L’homme de 65 ans dit qu’être père – il a trois enfants avec sa femme, l’agent de talent Joanna Kaye, et deux autres d’un mariage antérieur – l’a laissé particulièrement préoccupé par le climat politique actuel et les divisions toujours croissantes. en société. «Mes enfants grandissent vite et entrent dans l’âge adulte», dit-il, parlant depuis sa ferme dans l’Oxfordshire. «C’est une période poignante en tant que parent. Vous vous asseyez et vous pensez: «Quel genre de monde leur avons-nous donné? Cela semble plus pressant que quand ils sont petits, quand ils sont avec vous et que vous pouvez vous en occuper.

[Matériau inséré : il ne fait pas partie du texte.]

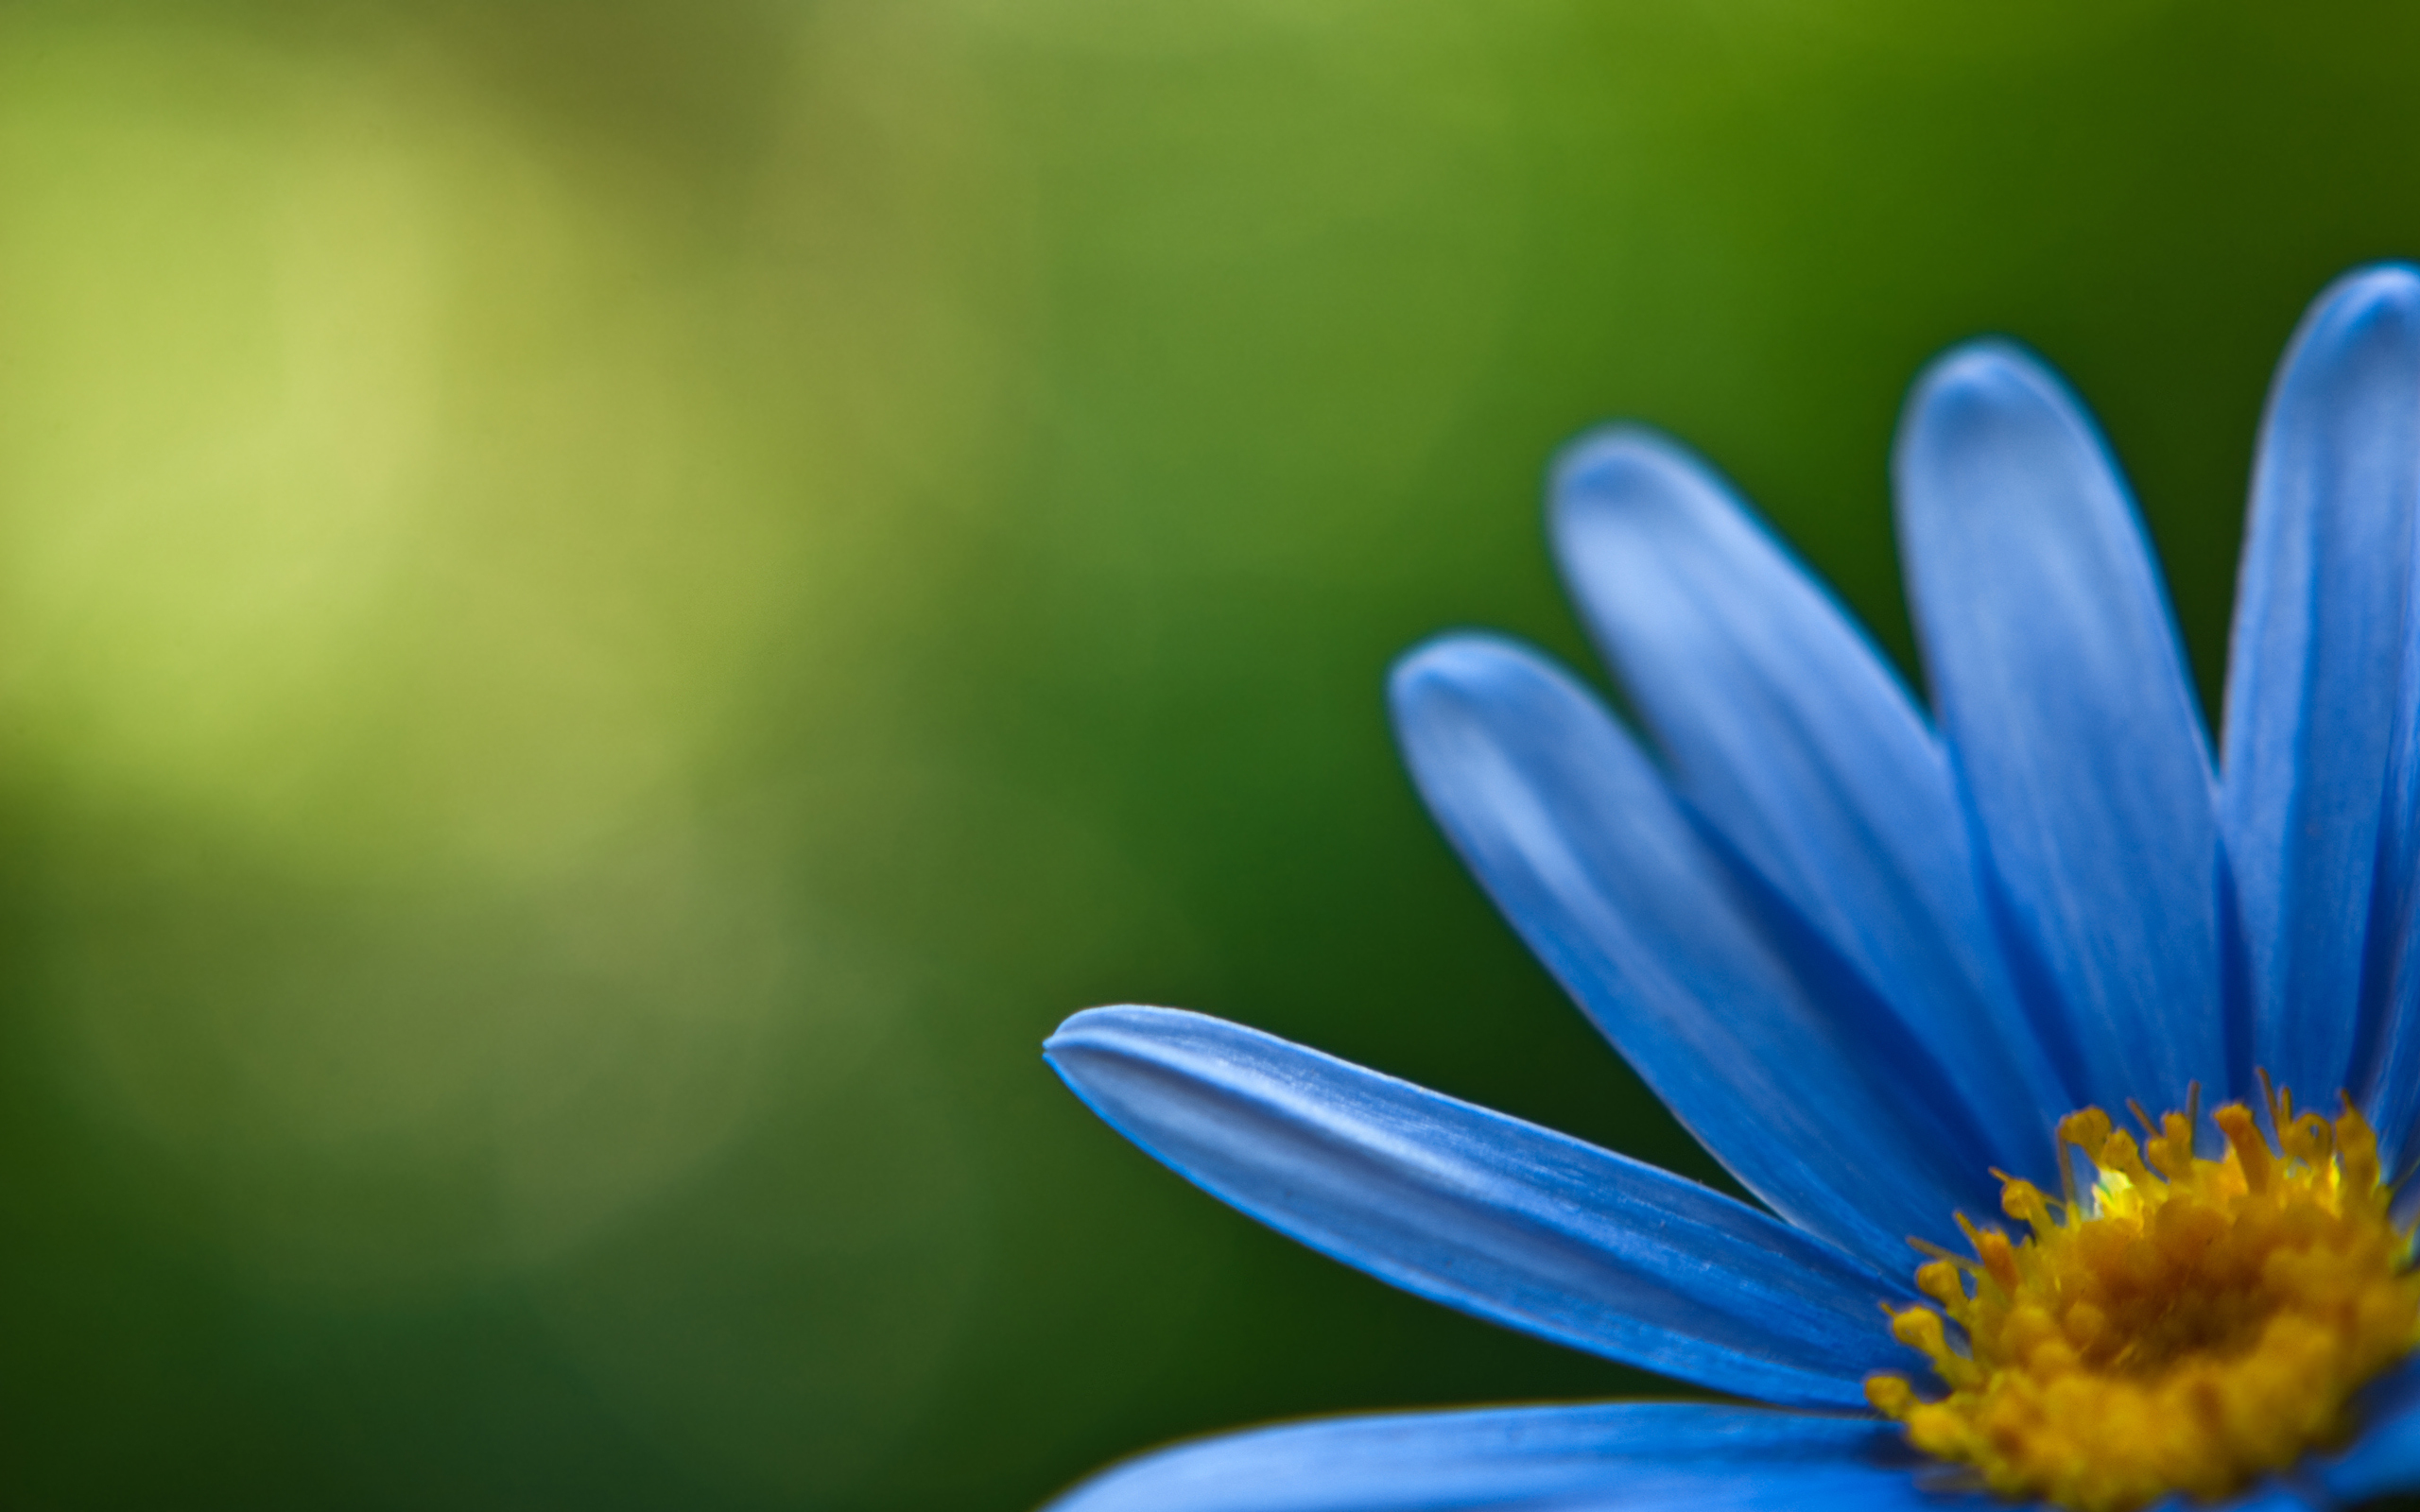 Blue Flower HD Wallpapers 2560x1600

Avec ces préoccupations persistantes, il a reçu le roman de 2016 de Paulette Jiles, News of the World, une histoire qui se déroule en 1870 au Texas au lendemain de la guerre civile, avec une nation divisée. Décidant de l’afficher à l’écran, Greengrass a retrouvé Tom Hanks, qui incarne le capitaine Jefferson Kidd, un ancien soldat confédéré qui se rend dans les villes pour lire les nouvelles à haute voix à ceux qui paieront pour les écouter. Quand il rencontre une jeune fille allemande, Johanna (nominée aux Golden Globes Helena Zengel, âgée de 12 ans, maintenant élue meilleure actrice dans un second rôle pour le film – la plus jeune personne à avoir été nominée), qui a été kidnappée par des raiders de Kiowa et élevée comme la leur, il accepte à contrecœur de la raccompagner chez sa tante et son oncle.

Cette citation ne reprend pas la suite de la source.